Fear of Heights and the 32nd Floor

I fear heights. Not just real high heights but short heights too. A third or fourth step on a step ladder is just as fearful as climbing the steps of St. Paul’s Cathedral.

It wasn’t always like this for me. I used to enjoy the occasional ferris wheel, but that was before I crawled out of my teens and into my twenties. Overnight it seemed to all change. One day I was height friendly and the next I was height fearful.

According to my past life consultant in one of my past lives I died at the age of twenty falling from a great height. 

Aaaaaaaaahhhhh!

Was I hiking along a cliff and accidentally slipped, or did someone push me? Who would’ve pushed me? A psycho lover? An angry mob? Was this in ancient times or modern times?

Did I fall from the top of building or did I leap? Was it suicide?  Was I being chased by a Zombie and leapt from the building hoping to land on the roof of the next building and misjudged my leaping abilities?

Why oh why did this happen to me and why oh why am I plagued with this fear? 

I love looking at beautiful vistas… not from being high up but on calendars and postcards.

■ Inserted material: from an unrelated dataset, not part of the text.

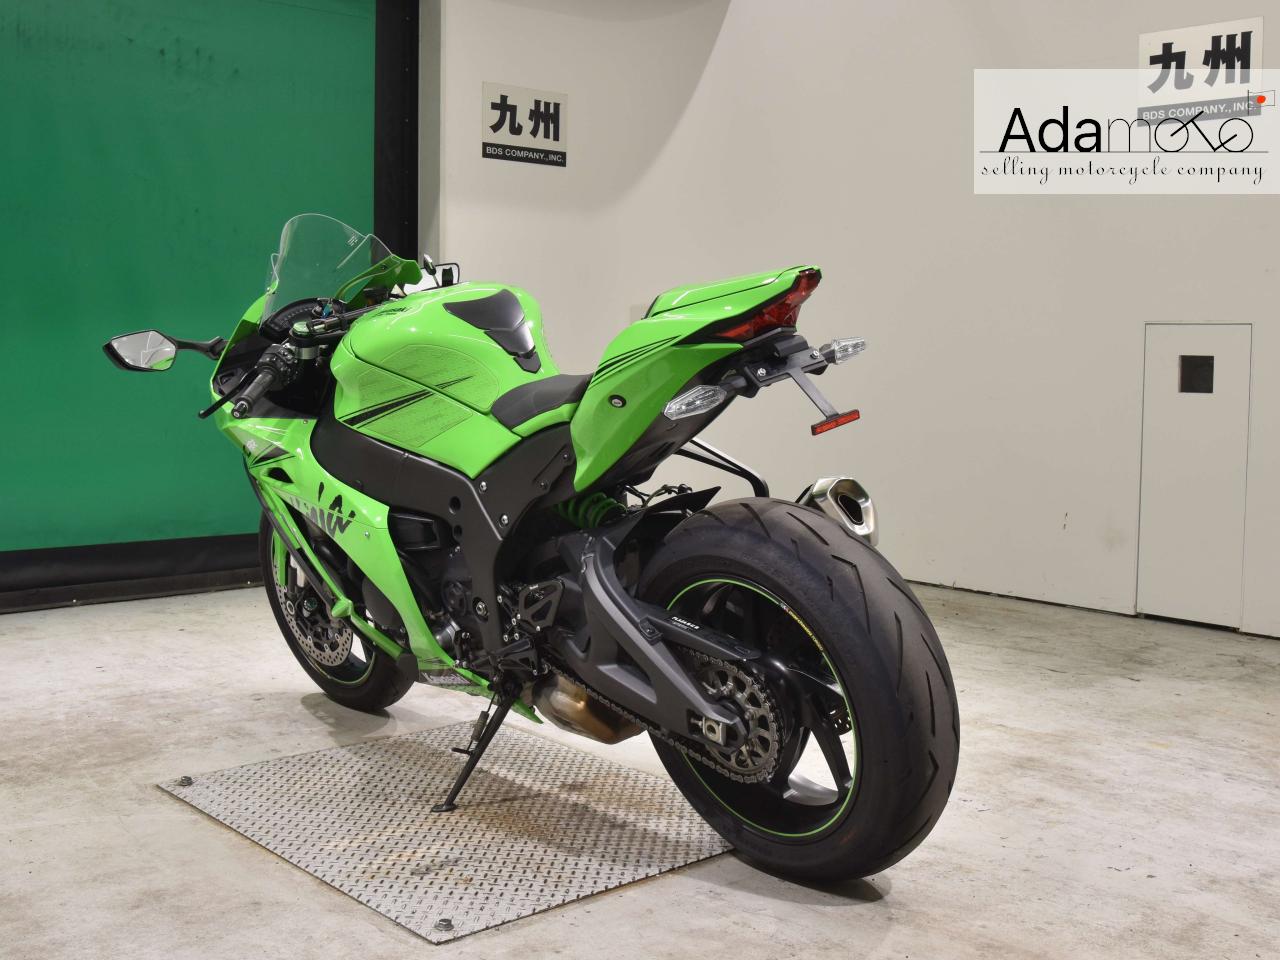 Kawasaki ZX 10RR - Adamoto - Motorcycles from Japan

Changing a ceiling lightbulb takes the normal person a minute or two. For me it’s climbing one step of the stepladder, coming down, climbing two steps and coming down, climbing three steps and reaching for the light fixture…  repeating until I’m steady enough to unscrew the old lightbulb and… after another few ups and downs… screwing in the new lightbulb.

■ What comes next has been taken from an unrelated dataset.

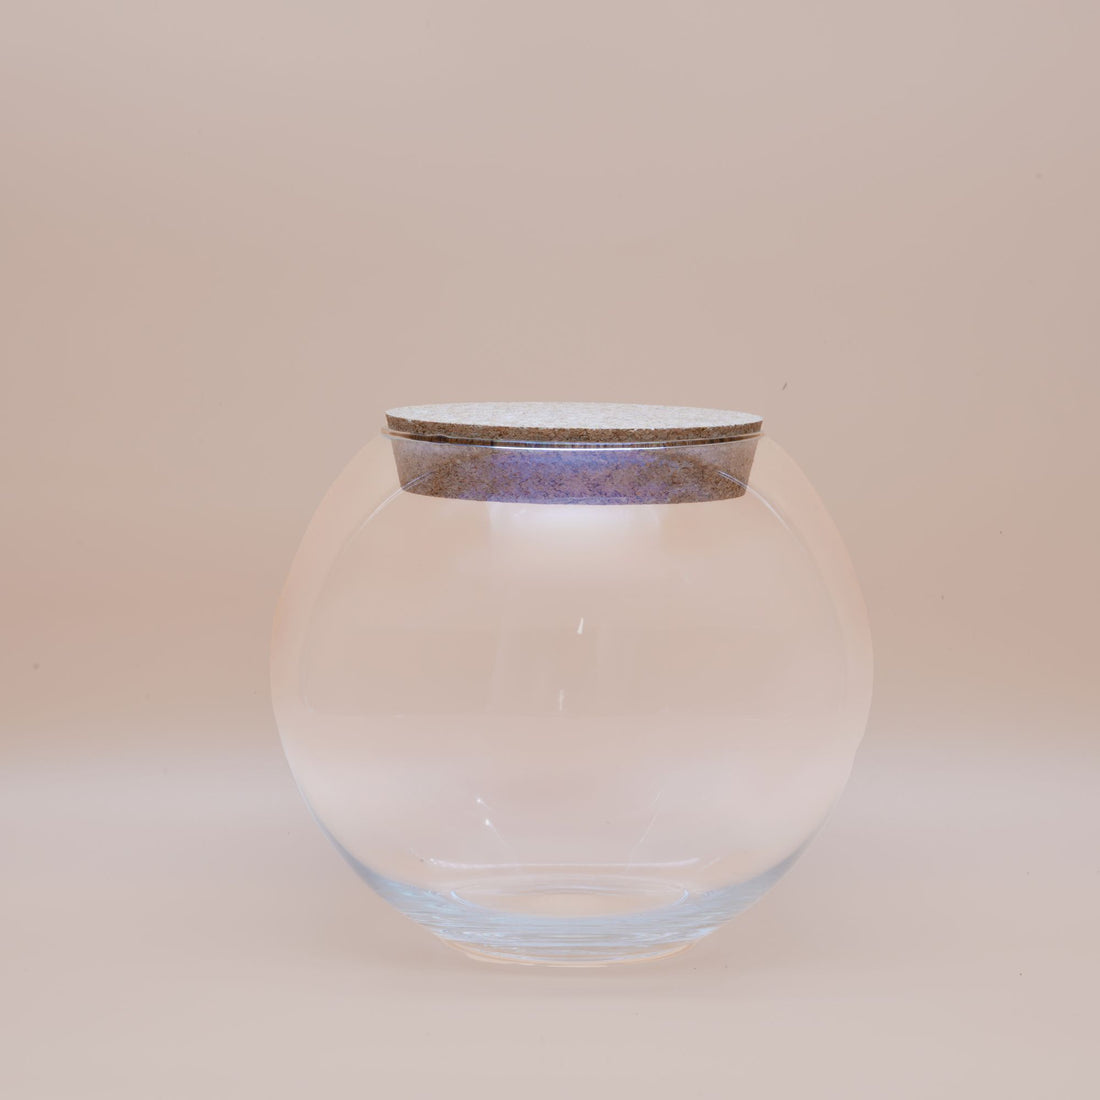 Fishbowl Terrarium Container ◦ Waterloo H: 21 cm

Sometimes darkness is better than light.

Not long ago I worked on the 32nd floor and my office had one wall of floor to ceiling windows. It took me a long time to be able to stand close to those windows (never closer than two feet) and admire the beautiful Los Angeles cityscape that lay before me.

I positioned my desk facing away from the window. I told everyone it was for good Feng Shui, but I lied.

What would of happened if I ran into my office so fast that I forgot the depth of the room and ran straight into the window?

Daily I feared a wild windy wind would blow from deep within the bowels of Mother Nature and fly across the atmosphere with such magnificent force it would suck out the windows and take me with it flying flying falling falling plopping like a bag of bones against the concrete below. I imagined myself bouncing from car roof to car roof until every bone was broken and my brain - my gorgeous high IQ brain - splattered everywhere.

Ugh.

Hot Air Ballooning is totally out of the question.